This excerpt taken from the EYE 8-K filed Jul 13, 2005.
CONVERTIBLE SENIOR SUBORDINATED NOTES OFFERING
(SANTA ANA, CA), July 13, 2005 Advanced Medical Optics, Inc. (AMO) [NYSE: EYE], today announced the pricing of a private offering of $150 million aggregate principal amount of its 1.375% convertible senior subordinated notes due 2025. The notes were offered only to qualified institutional buyers pursuant to Rule 144A under the Securities Act of 1933. The sale of the notes is expected to close on July 18, 2005, subject to customary closing conditions.
The notes will be unsecured senior subordinated obligations of AMO and will pay interest semi-annually at an annual rate of 1.375%. Prior to June 1, 2011, the notes will be convertible, only upon specified events, at the option of the holder into cash and, in certain circumstances, shares of AMOs common stock at an initial conversion price of approximately $47.60 per share (or an initial conversion rate of 21.0084 shares per $1,000 principal amount of notes). On or after June 1, 2011, the notes will be convertible at any time prior to maturity at the option of the holder into cash and, in certain circumstances, shares of AMOs common stock at the above initial conversion rate, subject to adjustment. The initial conversion price represents a 12.53% premium to the $42.30 per share closing price of AMOs common stock on The New York Stock Exchange on July 12, 2005.
Beginning July 6, 2011, AMO may redeem any of the notes at a redemption price of 100% of their principal amount, plus accrued and unpaid interest. Holders may require AMO to repurchase the notes at a repurchase price equal to 100% of their principal amount, plus accrued and unpaid interest, on July 1, 2011, July 1, 2016 and July 1, 2021, or at any time prior to their maturity upon the occurrence of a fundamental change.

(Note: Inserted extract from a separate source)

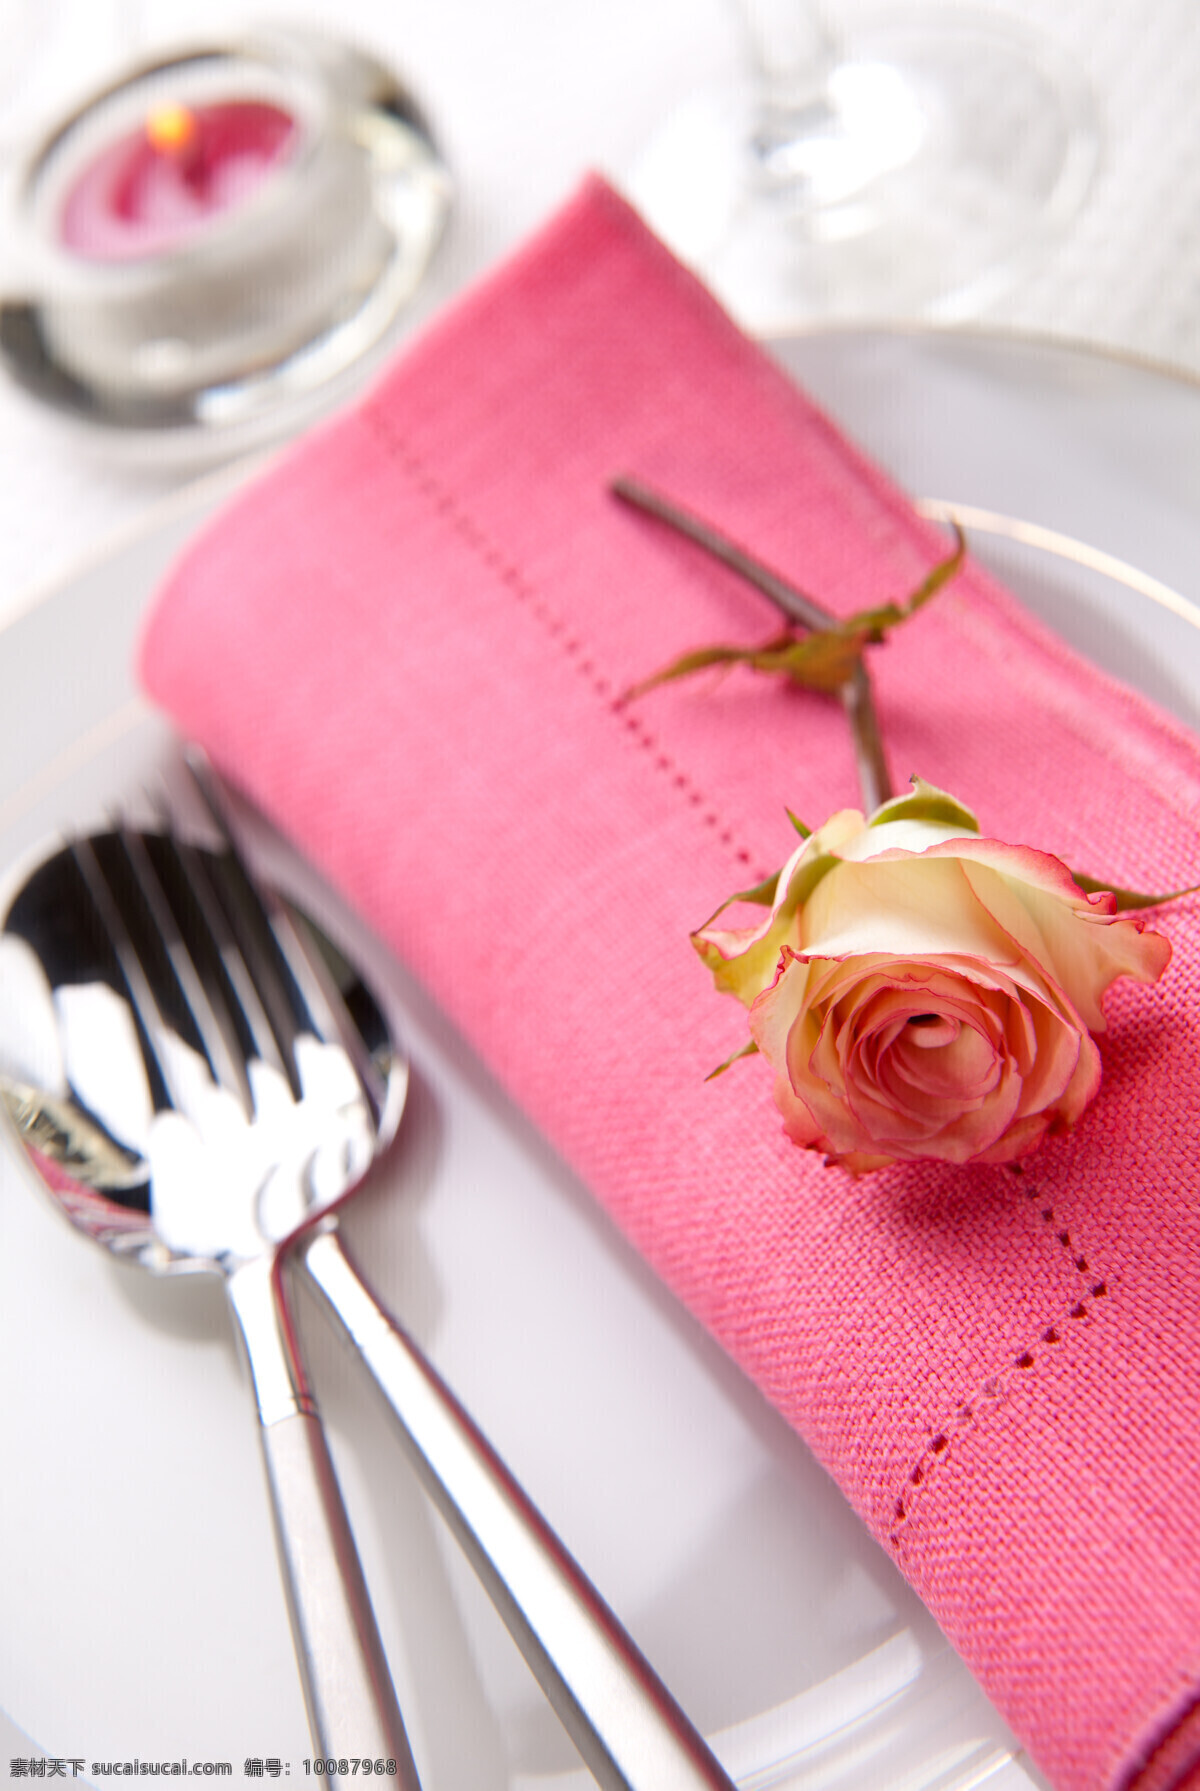 西餐餐具 高清餐具图片 刀叉 一支花朵 粉色花朵 餐具厨具 餐饮美食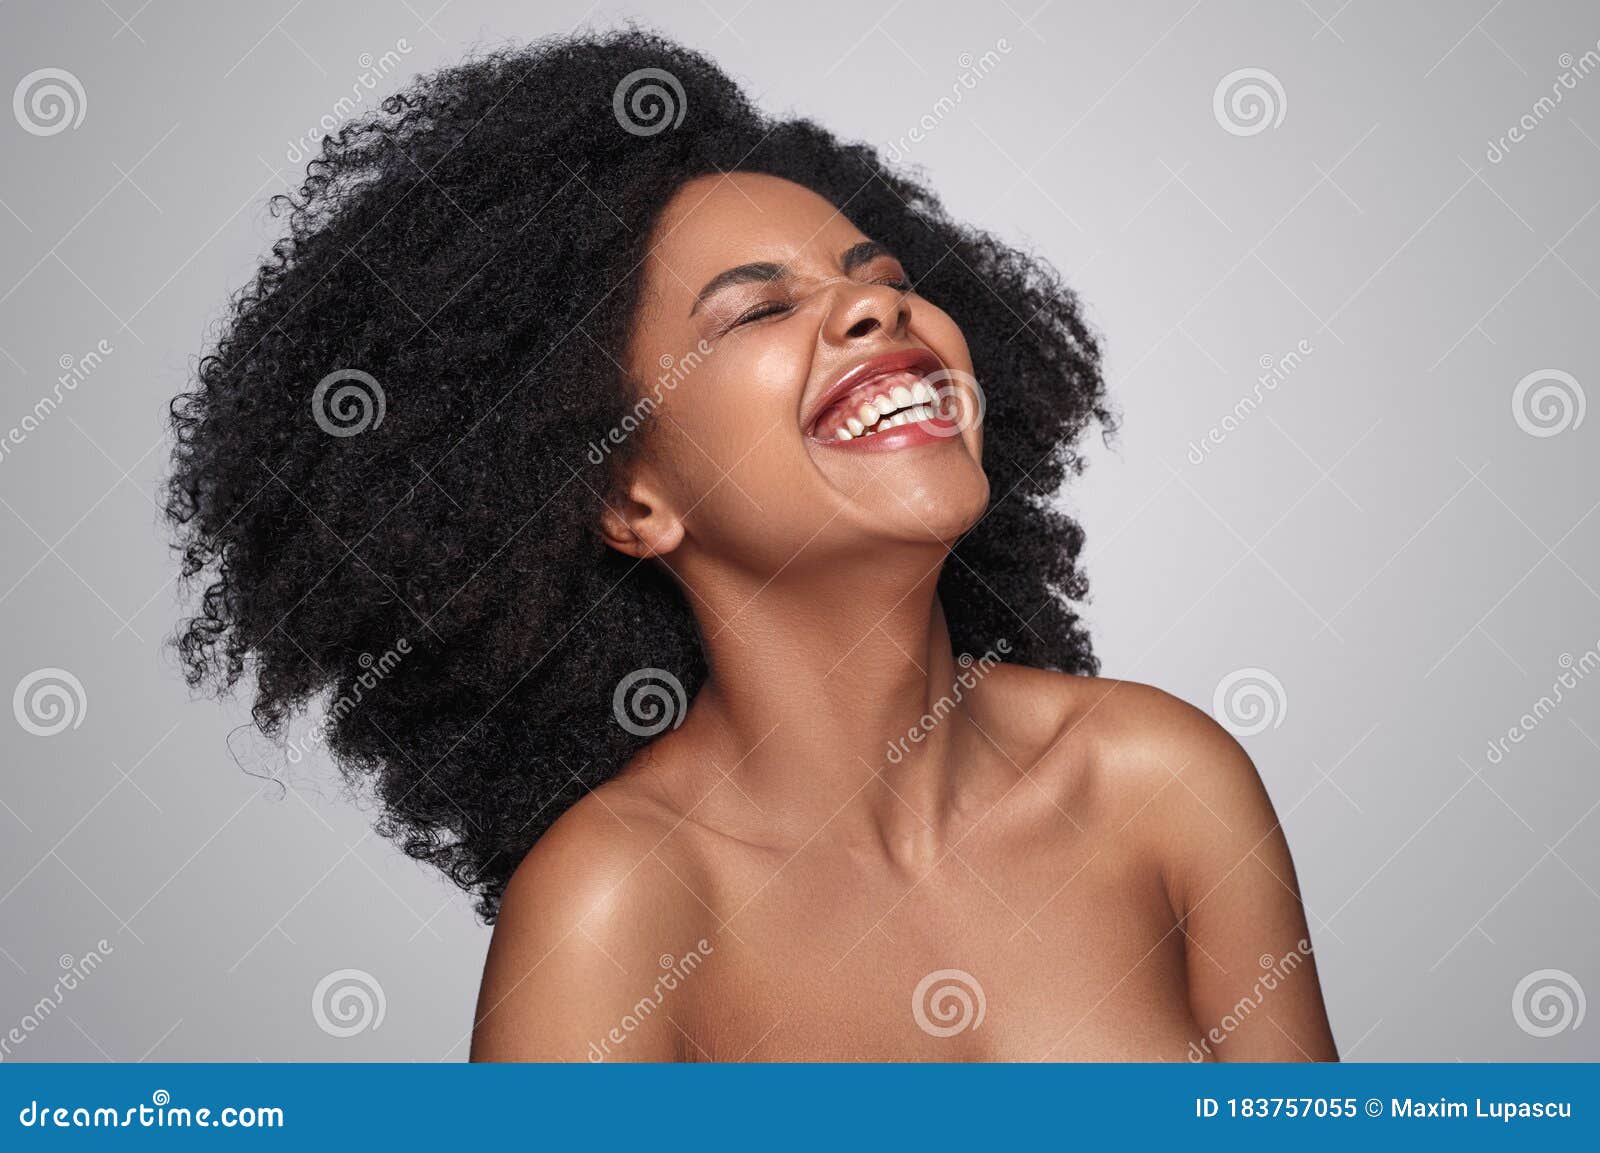 黑人头发的非洲裔美国女孩的美丽肖像。漂亮的黑人妇女。化妆品、化妆品和时装库存照片1792932268 | Shutterstock

AMO intends to use the net proceeds from the offering to repay its outstanding term loan under its senior credit facility.
The notes and any common stock issuable upon conversion of the notes will not be registered under the Securities Act of 1933 or the securities laws of any other jurisdiction and, unless they are registered, may not be offered or sold in the United States except pursuant to an exemption from, or in a transaction not subject to, the registration requirements of the Securities Act of 1933 and applicable state securities laws.